Task directions: Your task is to retype, exactly and without pictures, the line holding "زفاف - Sorella" and each line that follows it to the end of the entries.

Data extract:
[Start of Attachment]

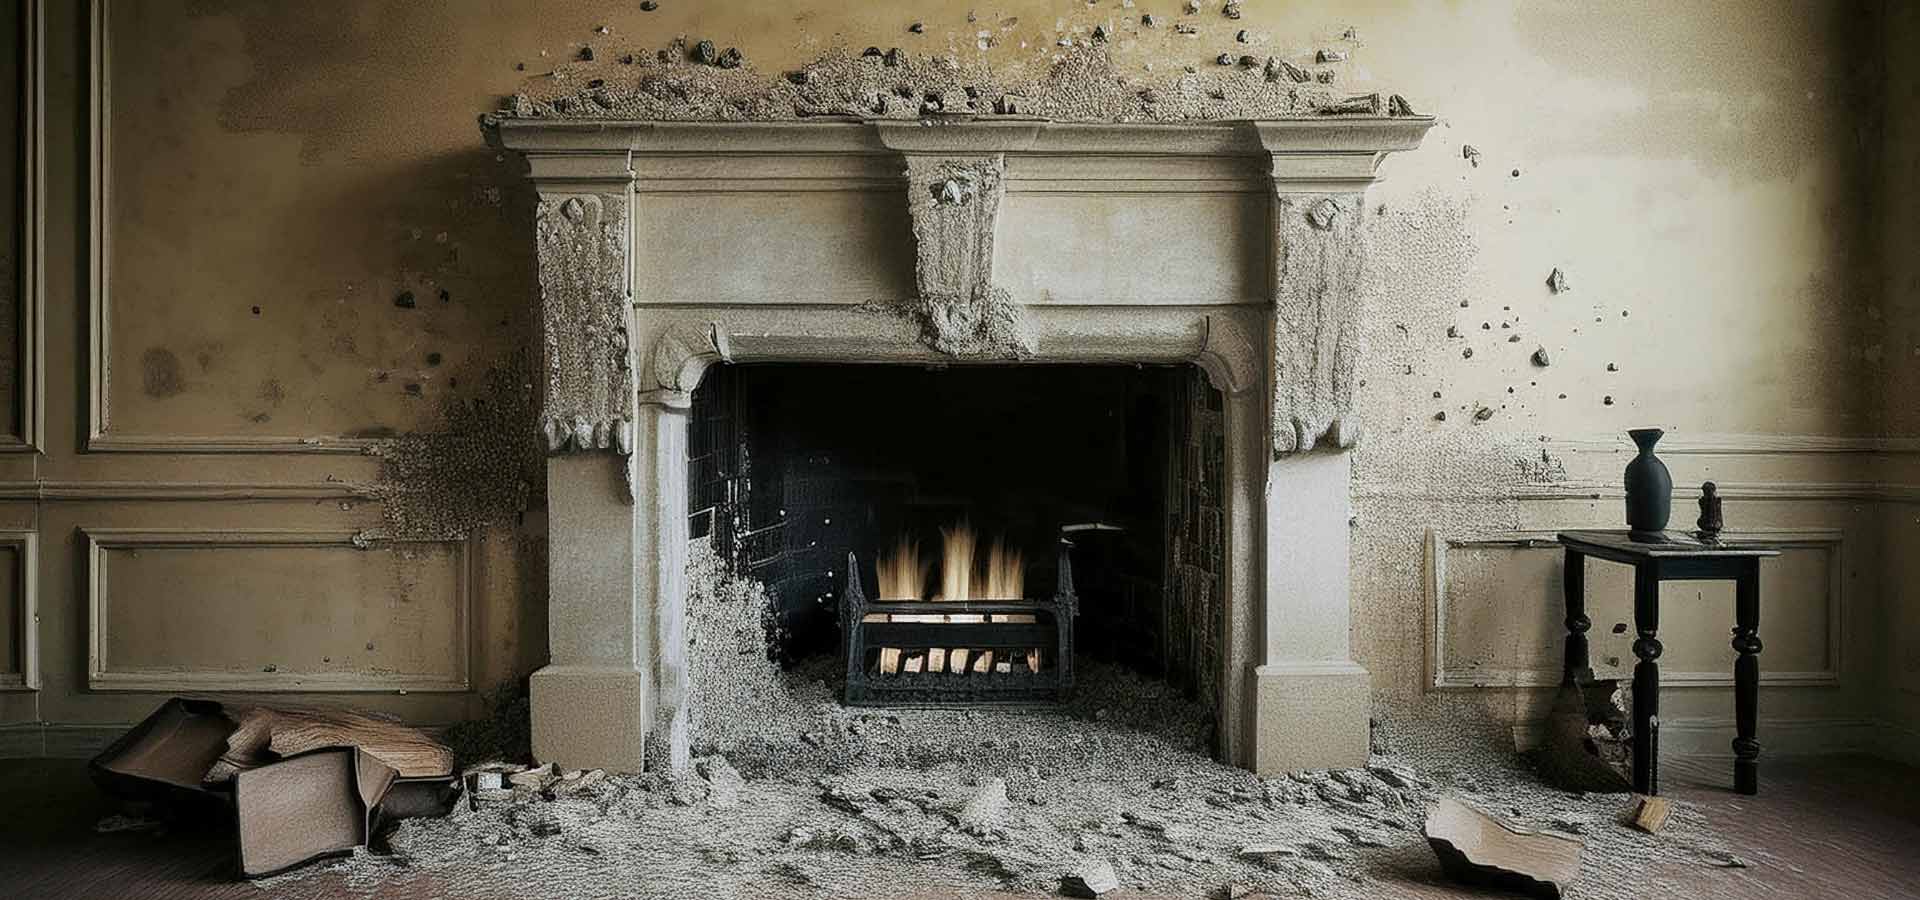 broken fireplace repair service cost
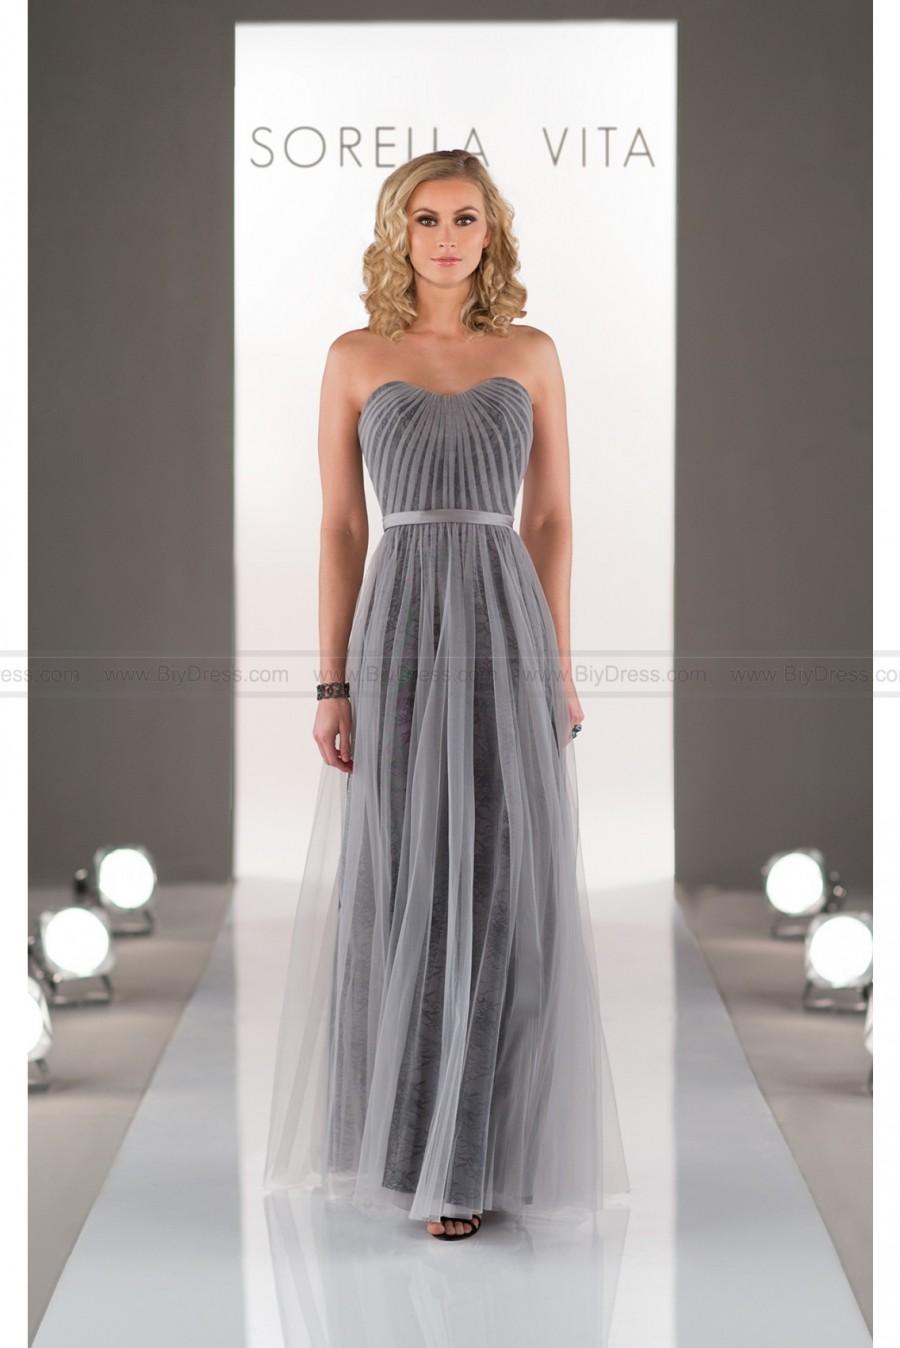 زفاف - Sorella Vita Sheath Bridesmaid Dress In Tulle Style 8501
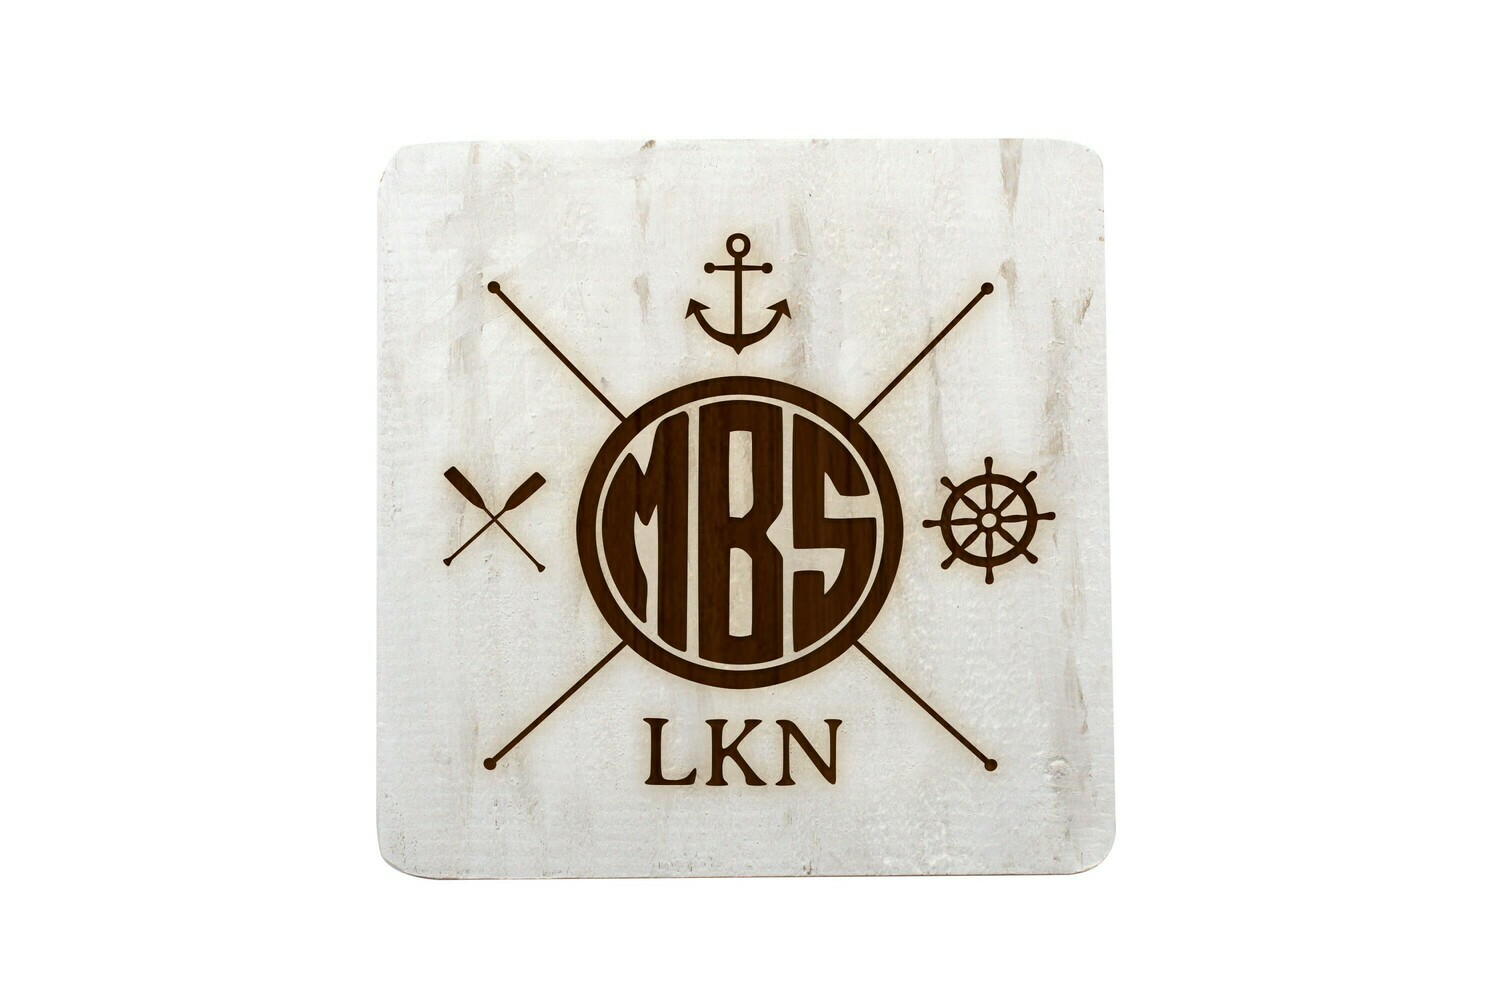 Monogram w/Nautical Themes Hand-Painted Wood Coaster Set
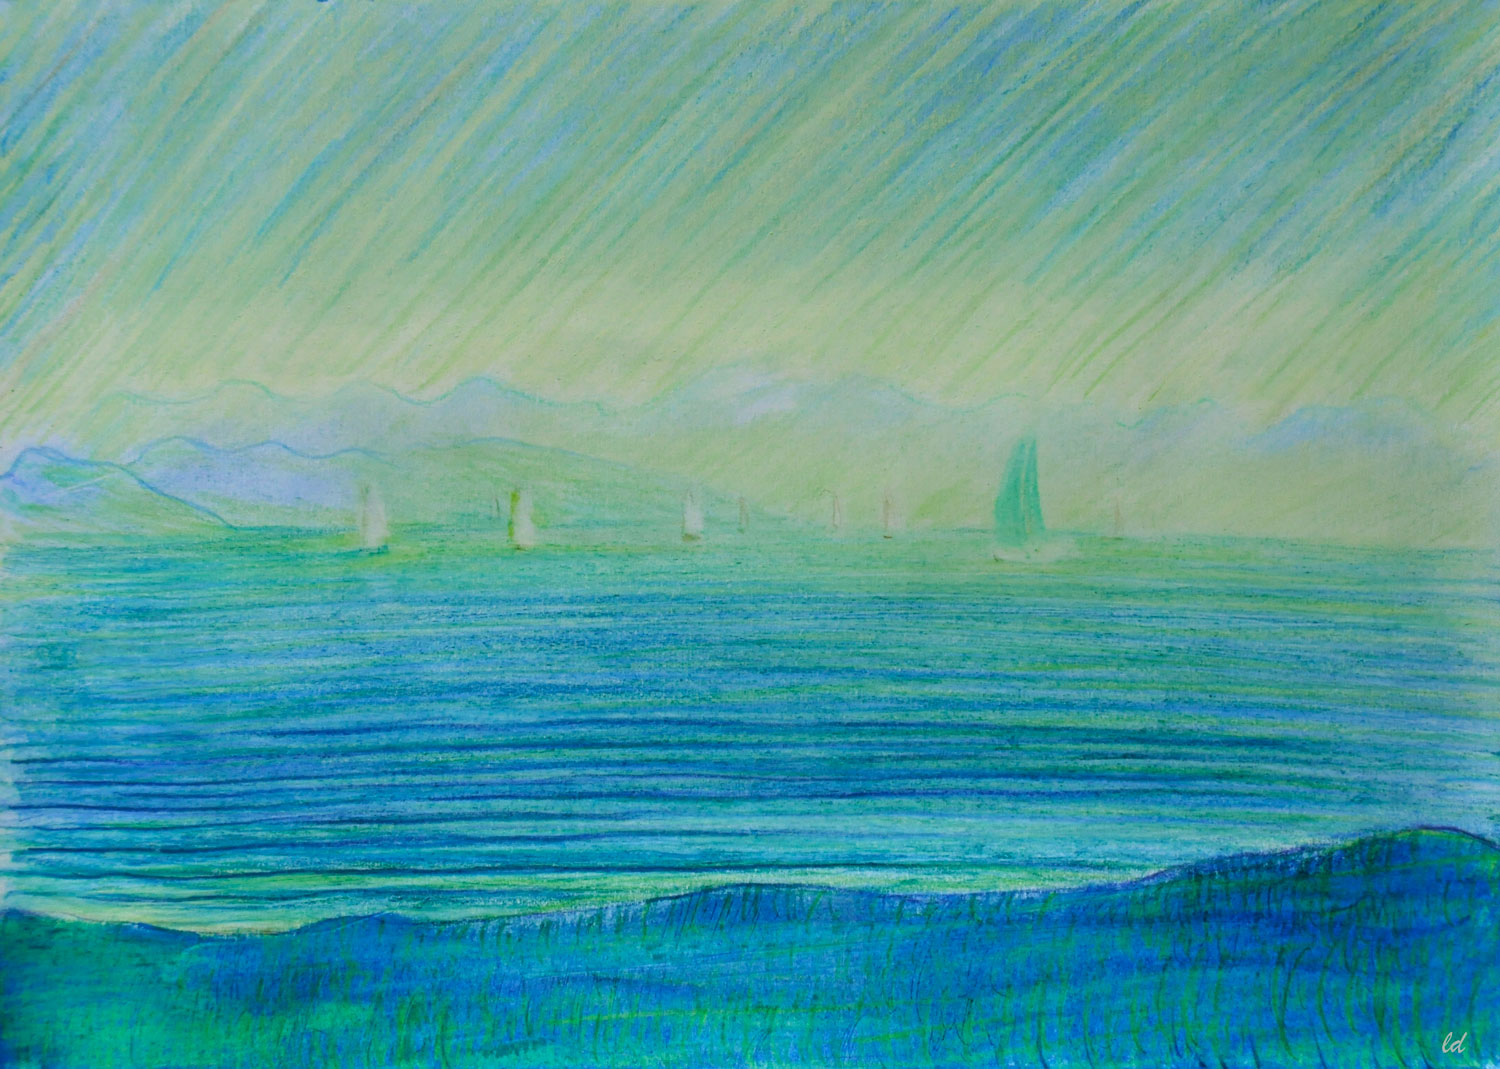 Lac Léman, St Prex, 29. Crayon de couleur, pastel et huile sur papier, 21x29, 2021
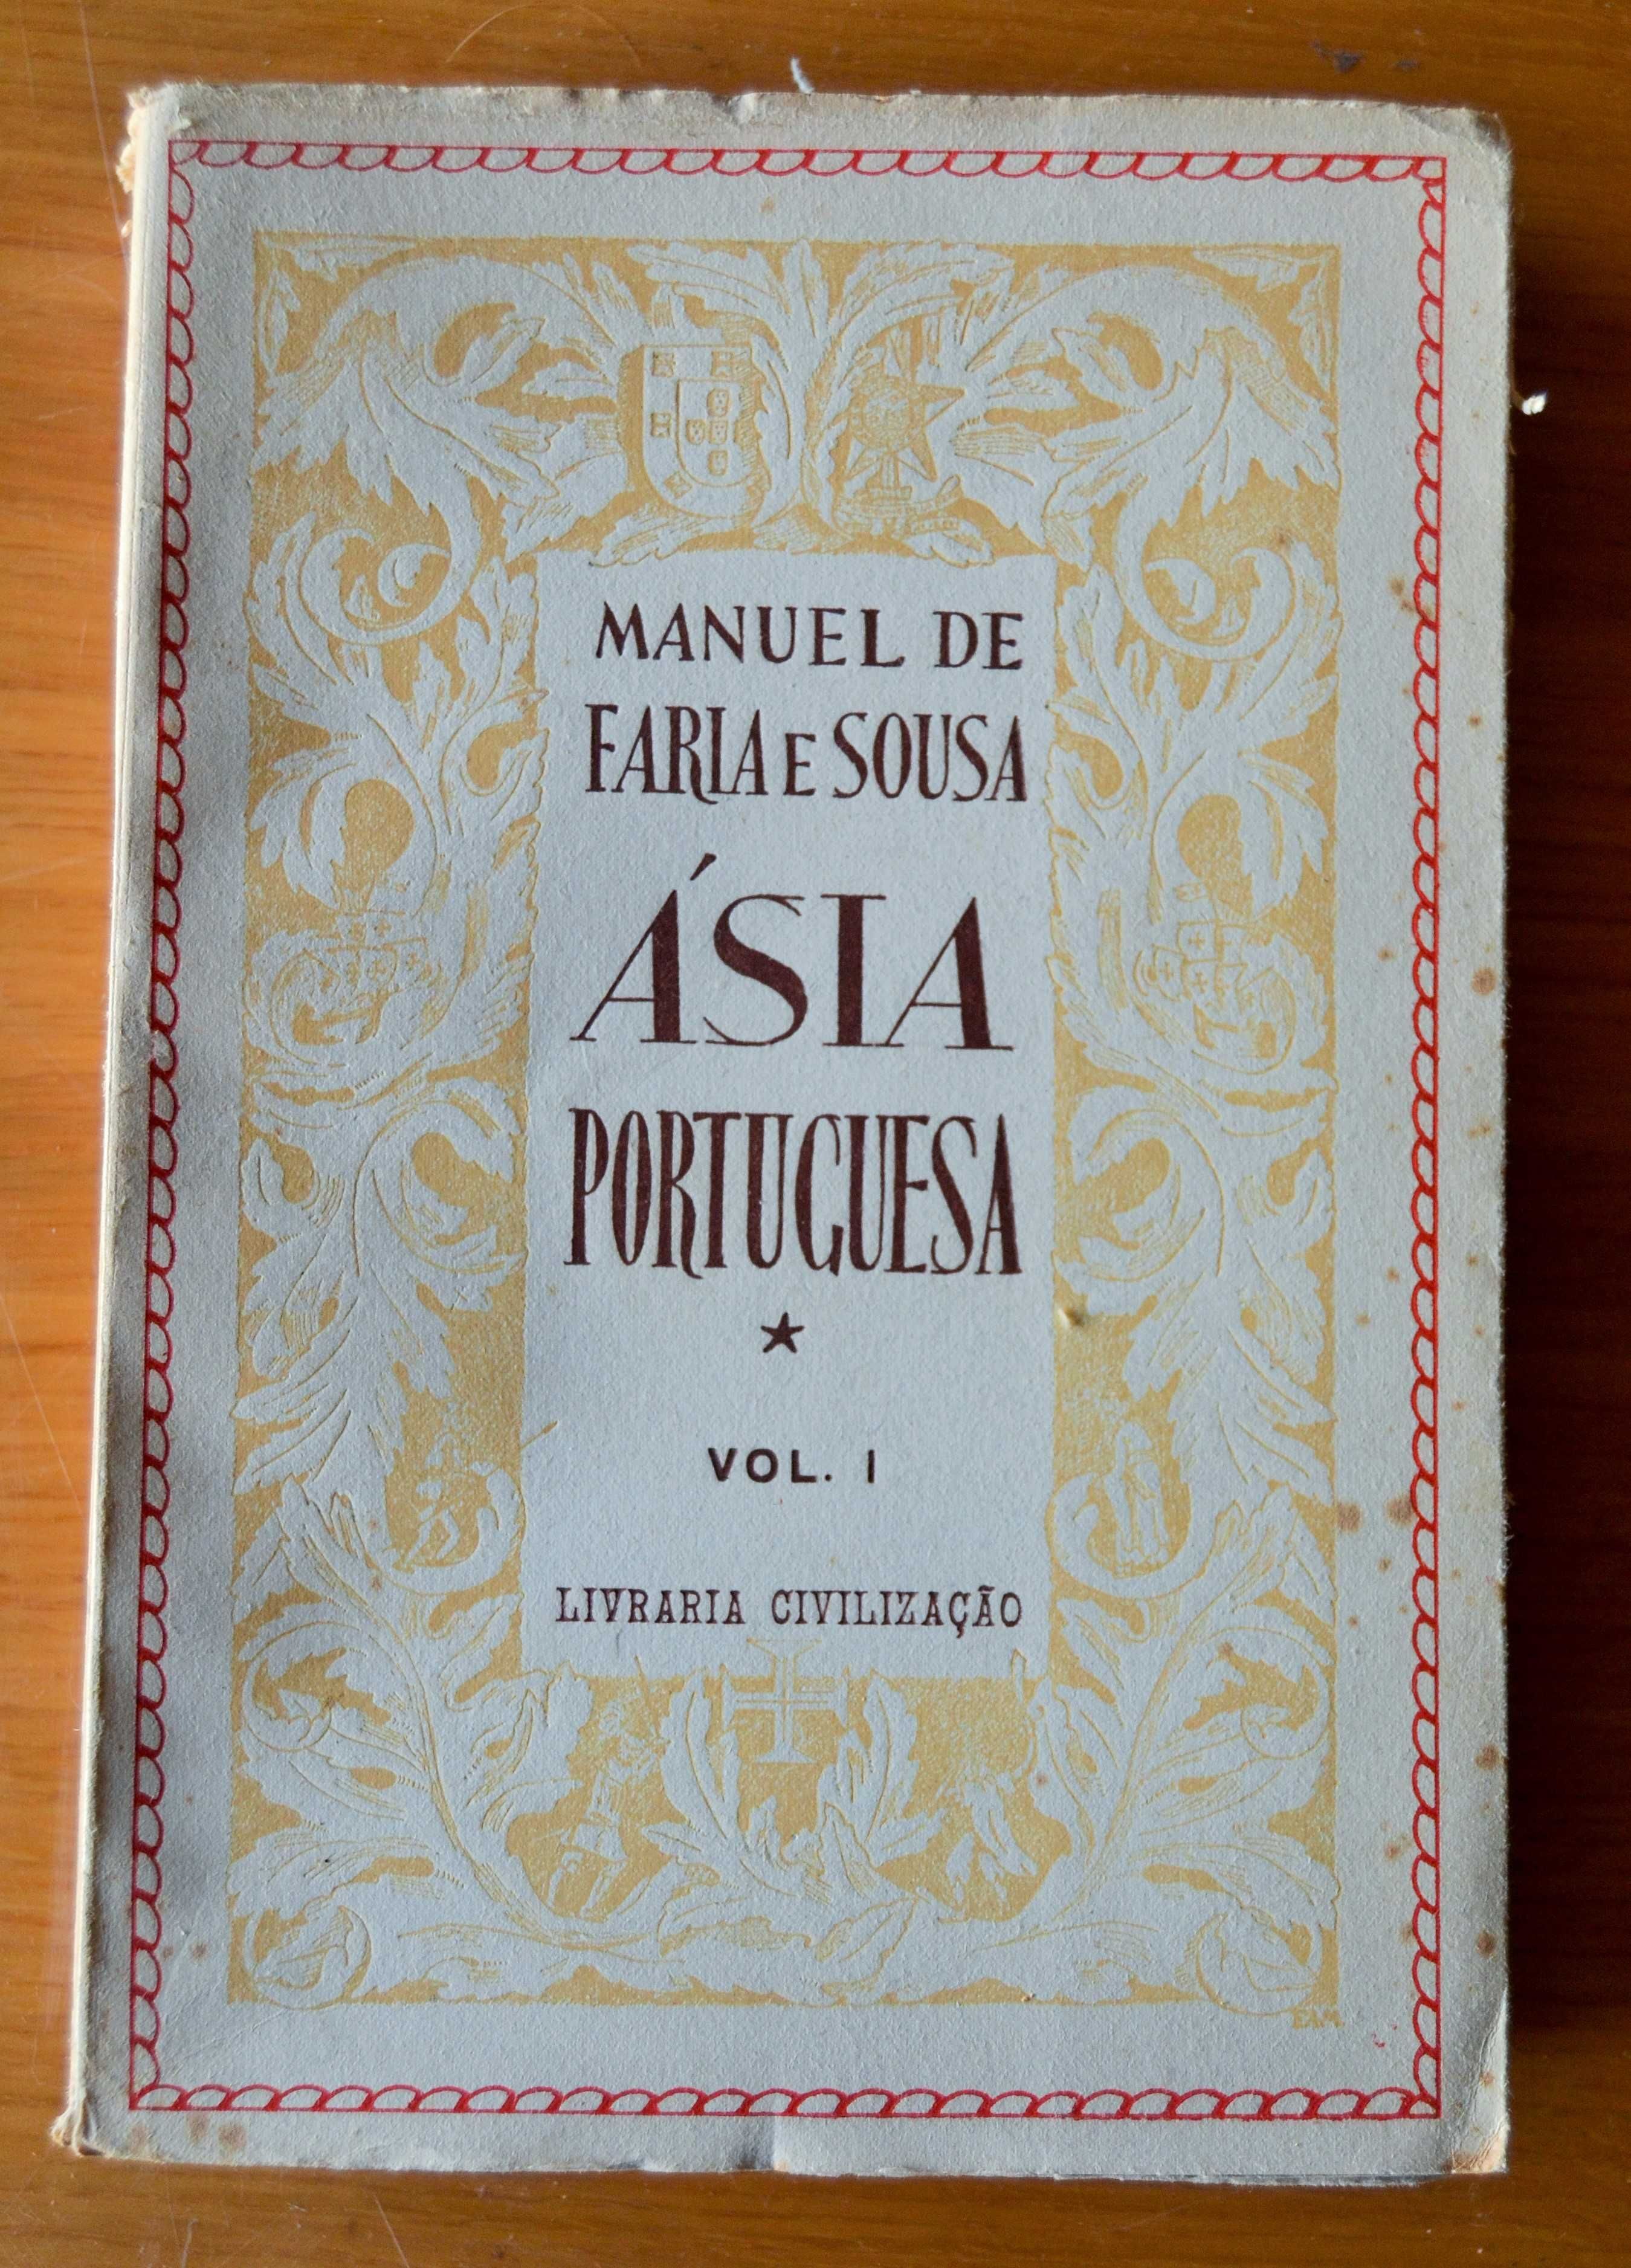 Ásia Portuguesa, Manuel Faria e Sousa 5 volumes, 1945

[End of Attachment]

Answer to the exercise:
 زفاف - Sorella Vita Sheath Bridesmaid Dress In Tulle Style 8501
 Monogram w/Nautical Themes Hand-Painted Wood Coaster Set
 Lac Léman, St Prex, 29. Crayon de couleur, pastel et huile sur papier, 21x29, 2021
 Ásia Portuguesa, Manuel Faria e Sousa 5 volumes, 1945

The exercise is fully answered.